### [TASK TO CARRY OUT]
Among the entries below, copy only the span from the line containing "De ontwerper liet" through the line containing "Os polícias portugueses". Do so exactly, and skip the pictures.

(SOURCE INFORMATION)

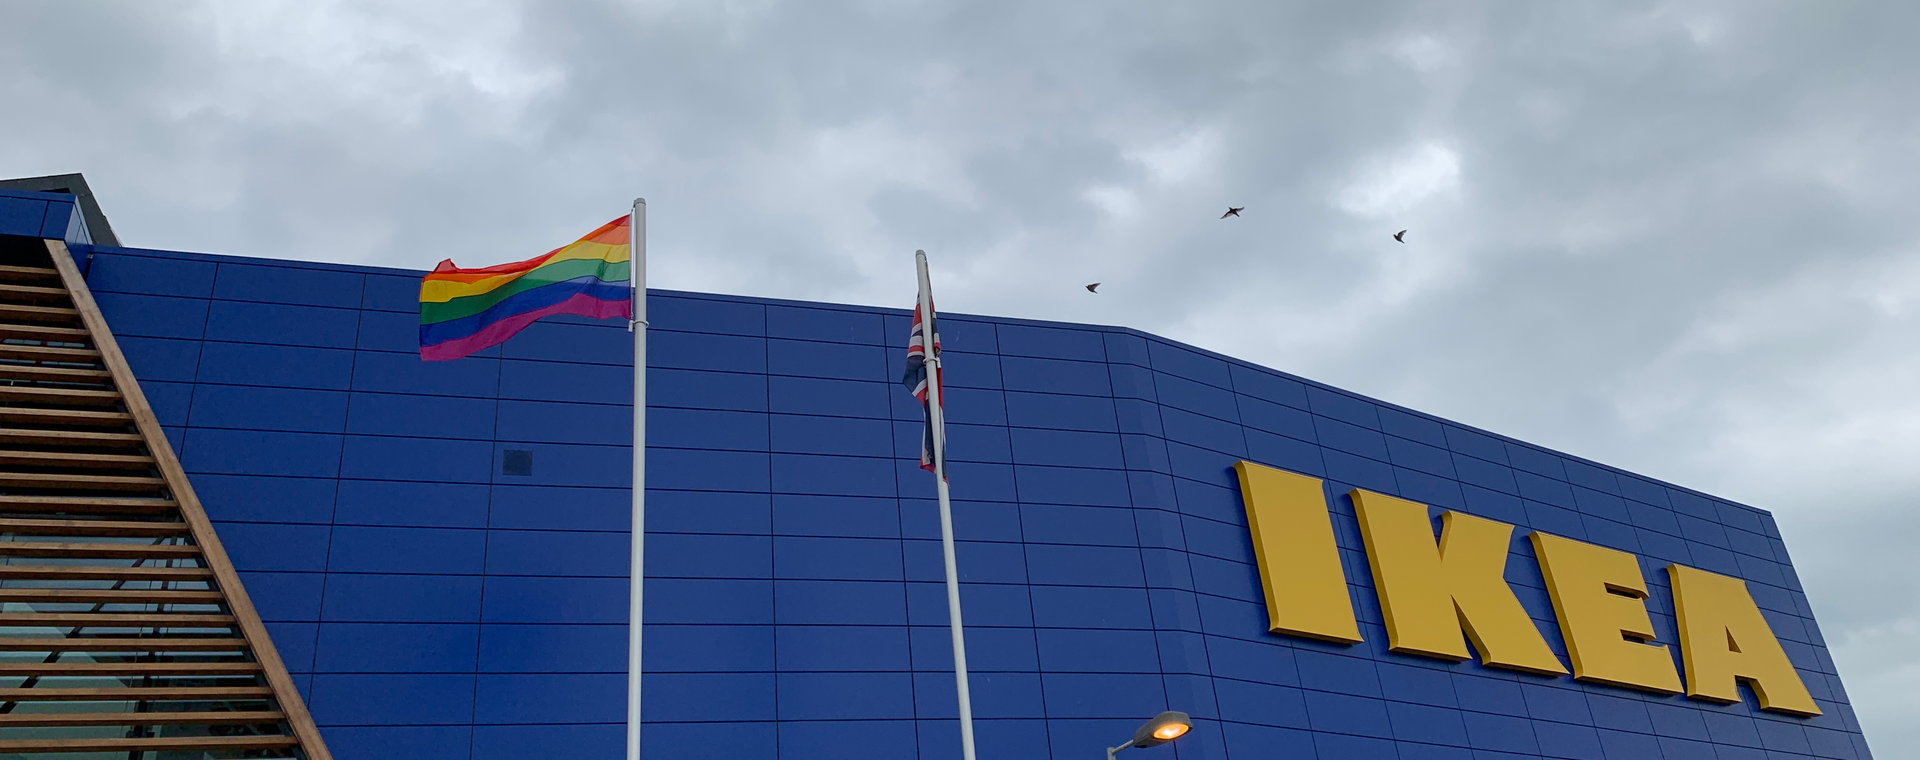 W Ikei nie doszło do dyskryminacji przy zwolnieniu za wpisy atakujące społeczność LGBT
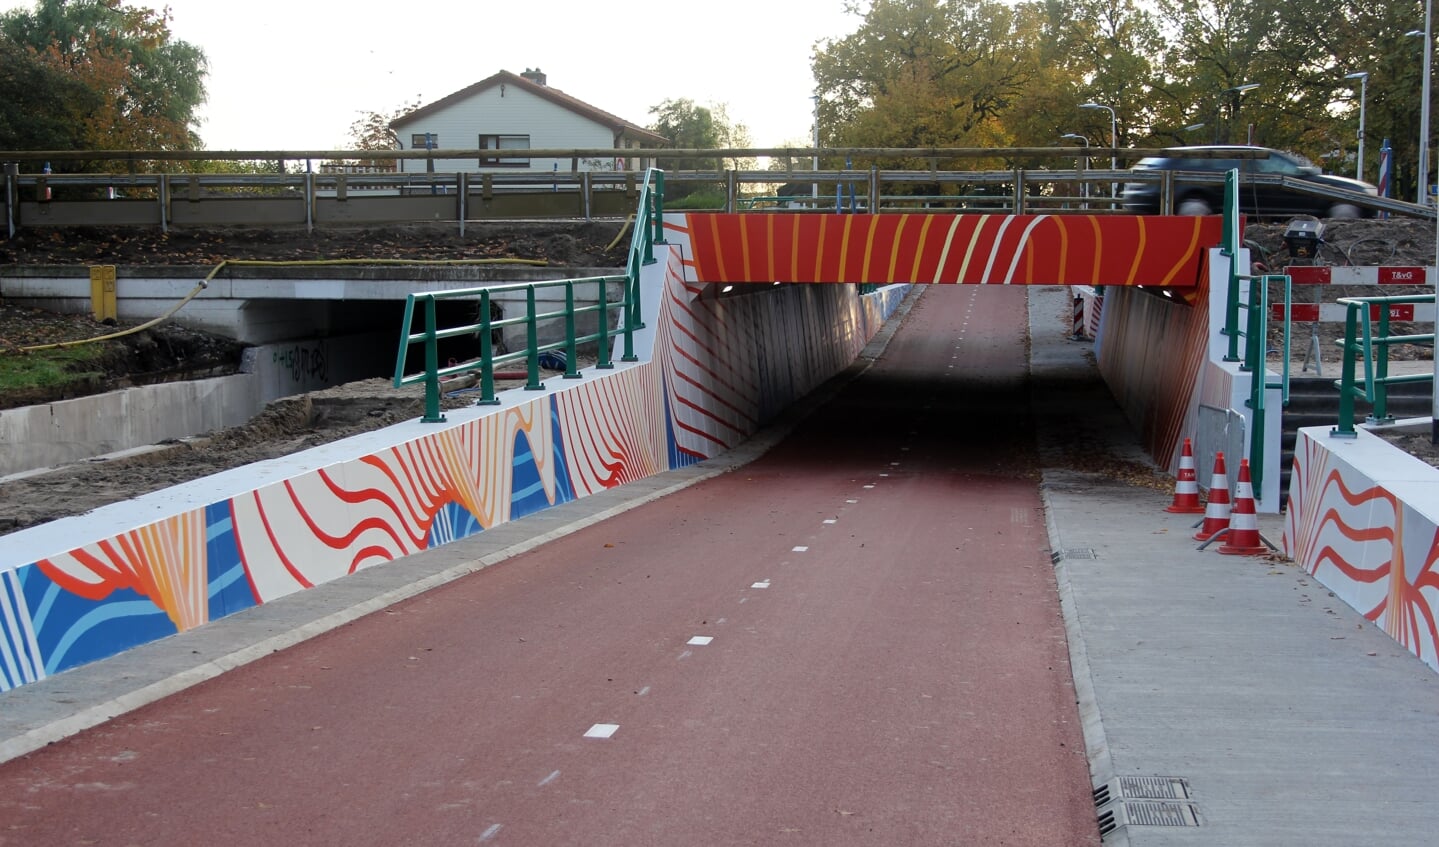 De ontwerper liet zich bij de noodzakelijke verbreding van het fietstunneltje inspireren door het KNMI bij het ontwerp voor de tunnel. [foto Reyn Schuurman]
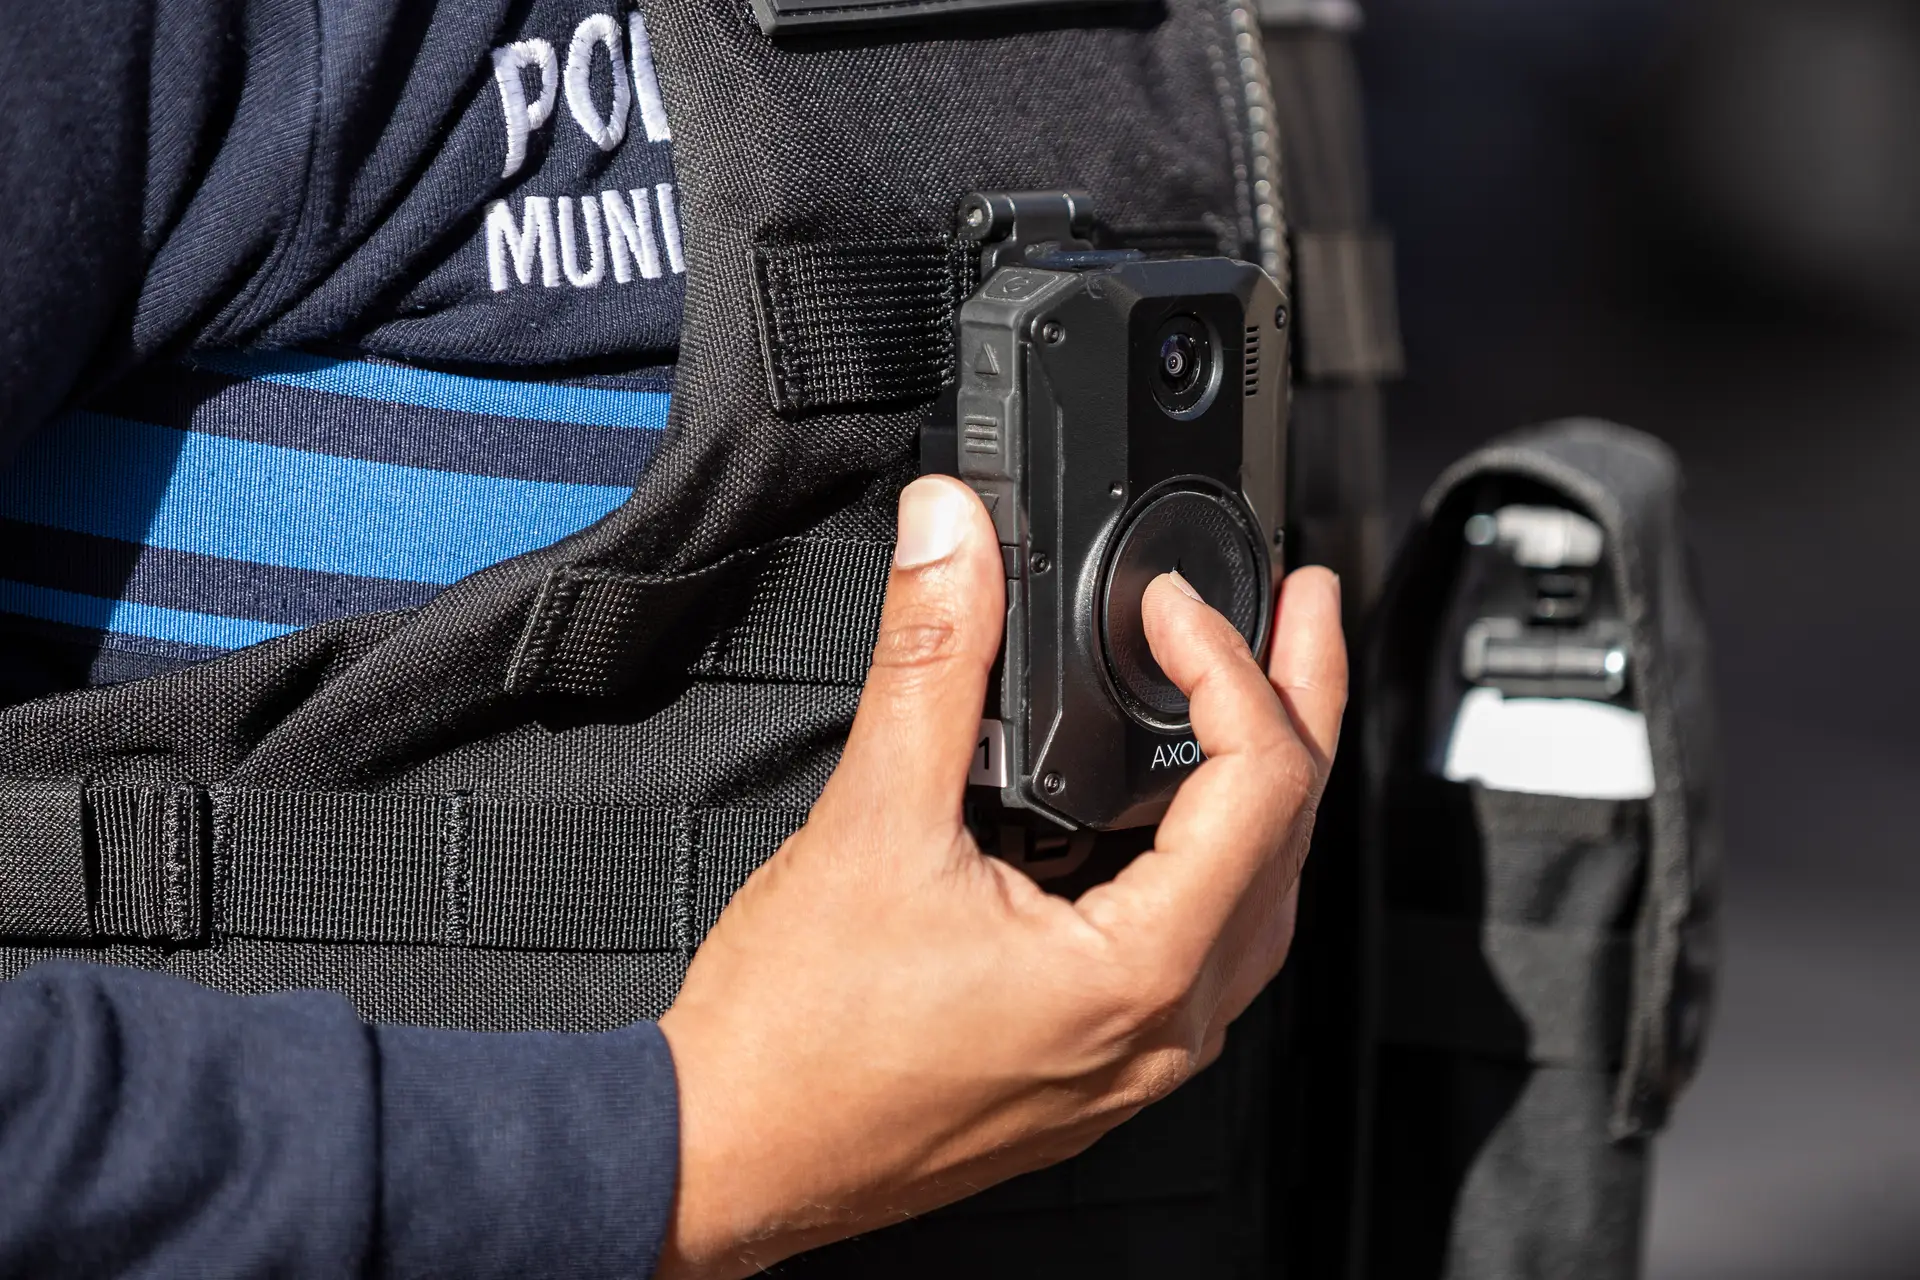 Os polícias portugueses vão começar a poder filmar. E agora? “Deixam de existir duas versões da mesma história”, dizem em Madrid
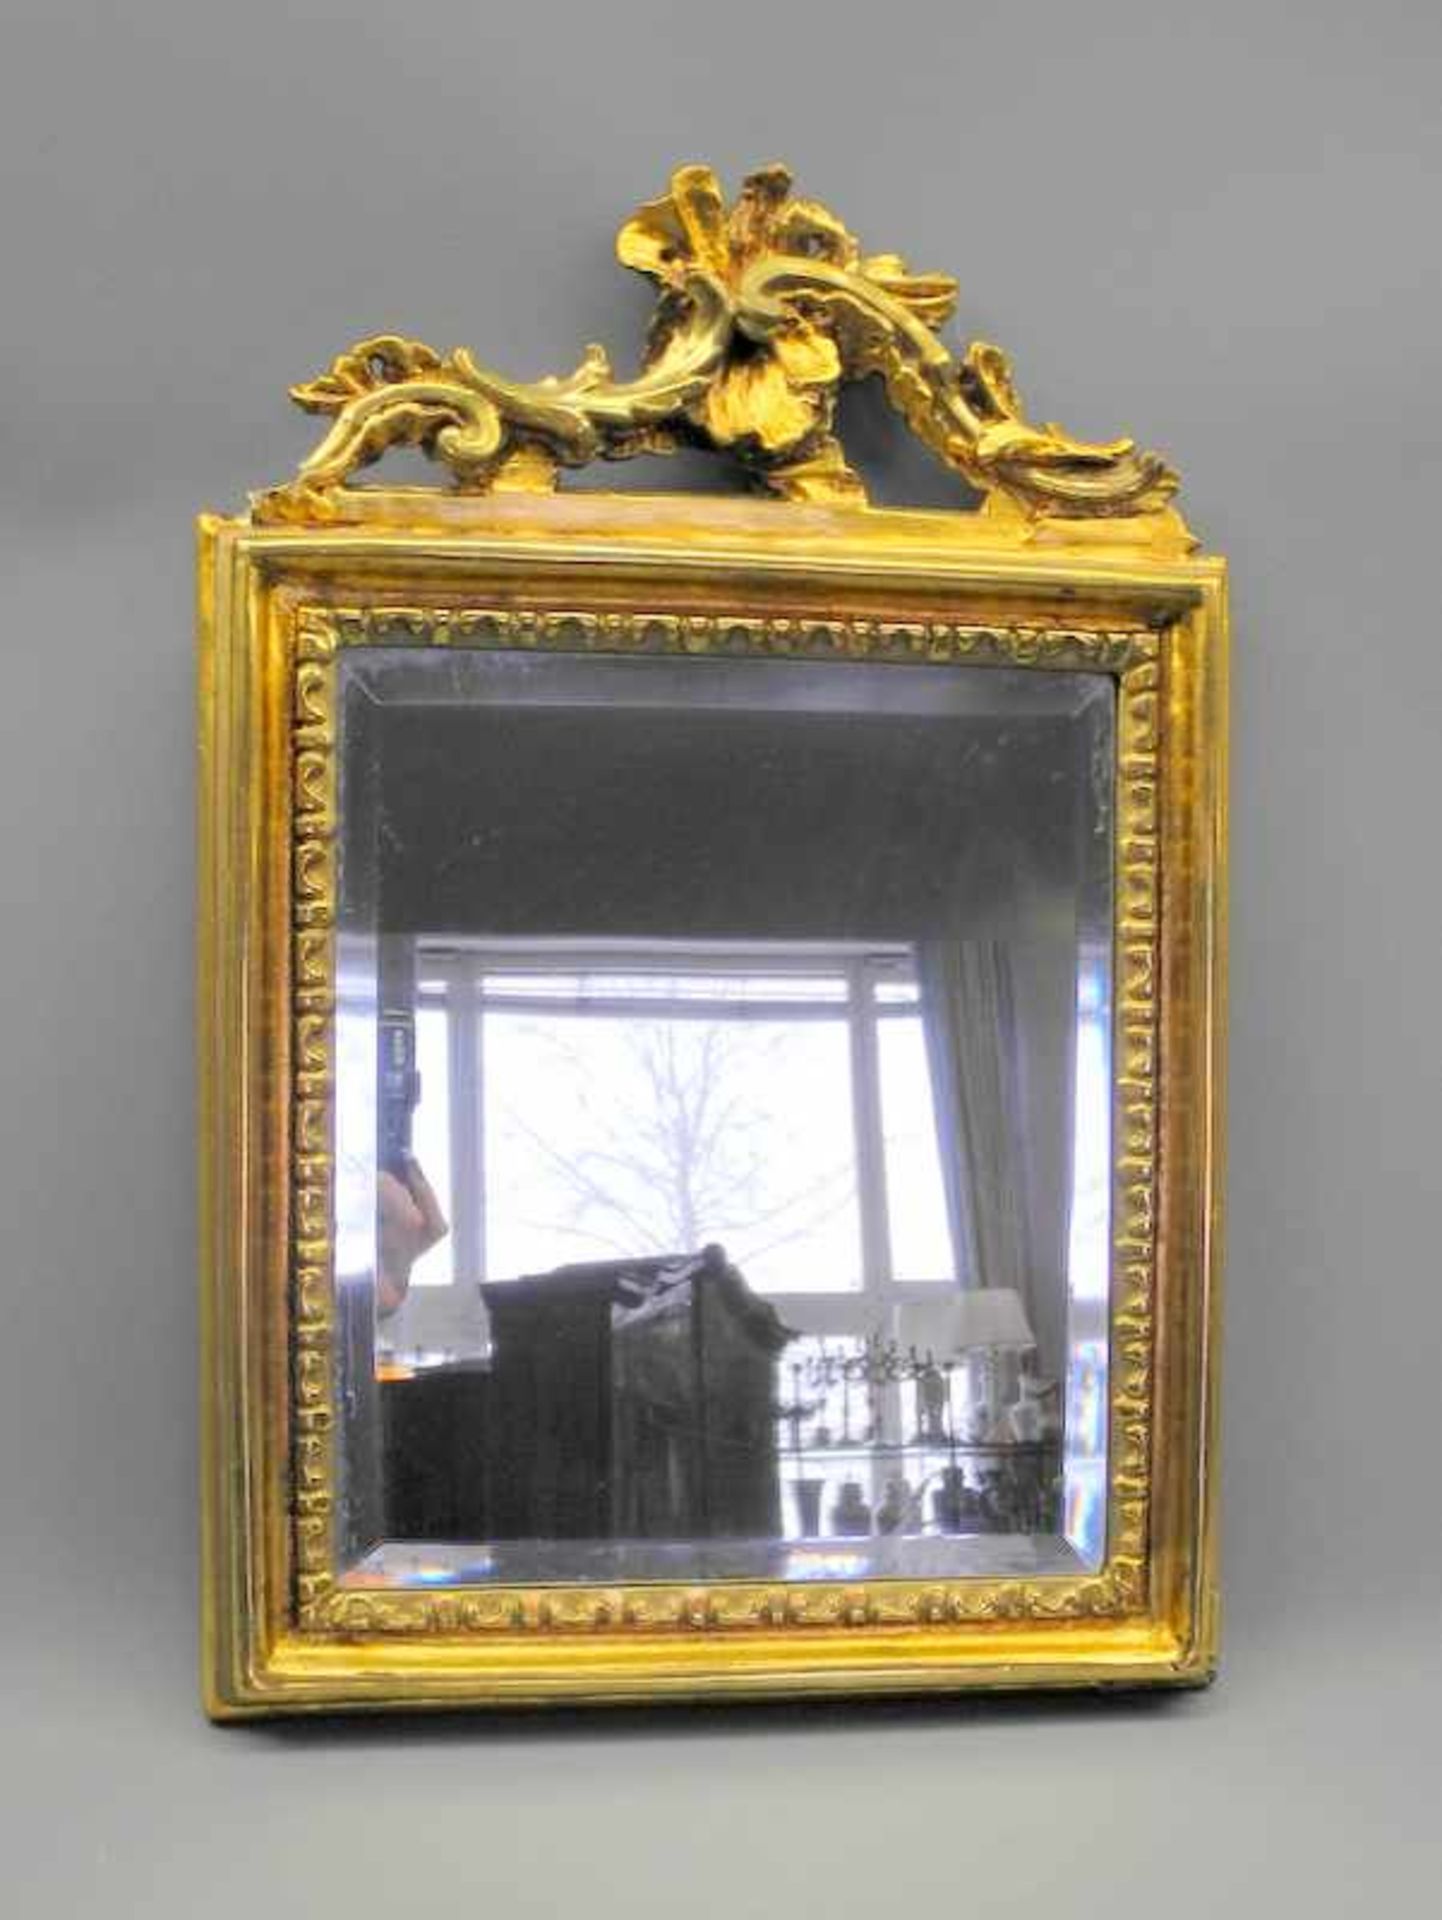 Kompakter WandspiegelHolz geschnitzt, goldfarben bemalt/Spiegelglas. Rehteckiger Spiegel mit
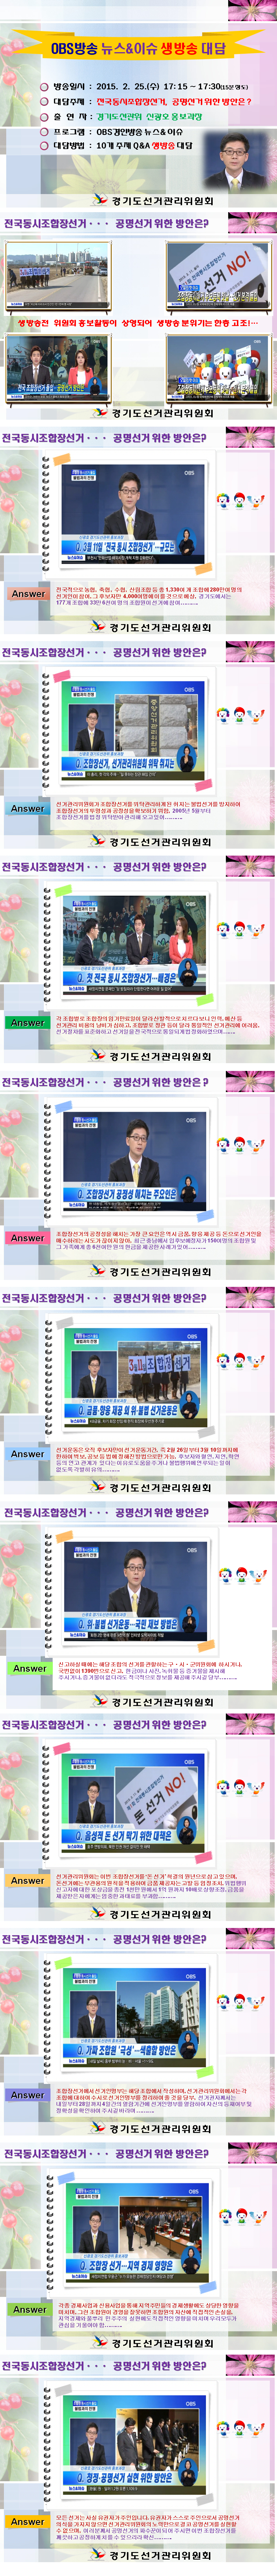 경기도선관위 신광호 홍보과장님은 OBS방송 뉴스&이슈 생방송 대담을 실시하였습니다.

(End SOURCE INFORMATION)

### [RESULT OF THE TASK]
 De ontwerper liet zich bij de noodzakelijke verbreding van het fietstunneltje inspireren door het KNMI bij het ontwerp voor de tunnel. [foto Reyn Schuurman]
 Os polícias portugueses vão começar a poder filmar. E agora? “Deixam de existir duas versões da mesma história”, dizem em Madrid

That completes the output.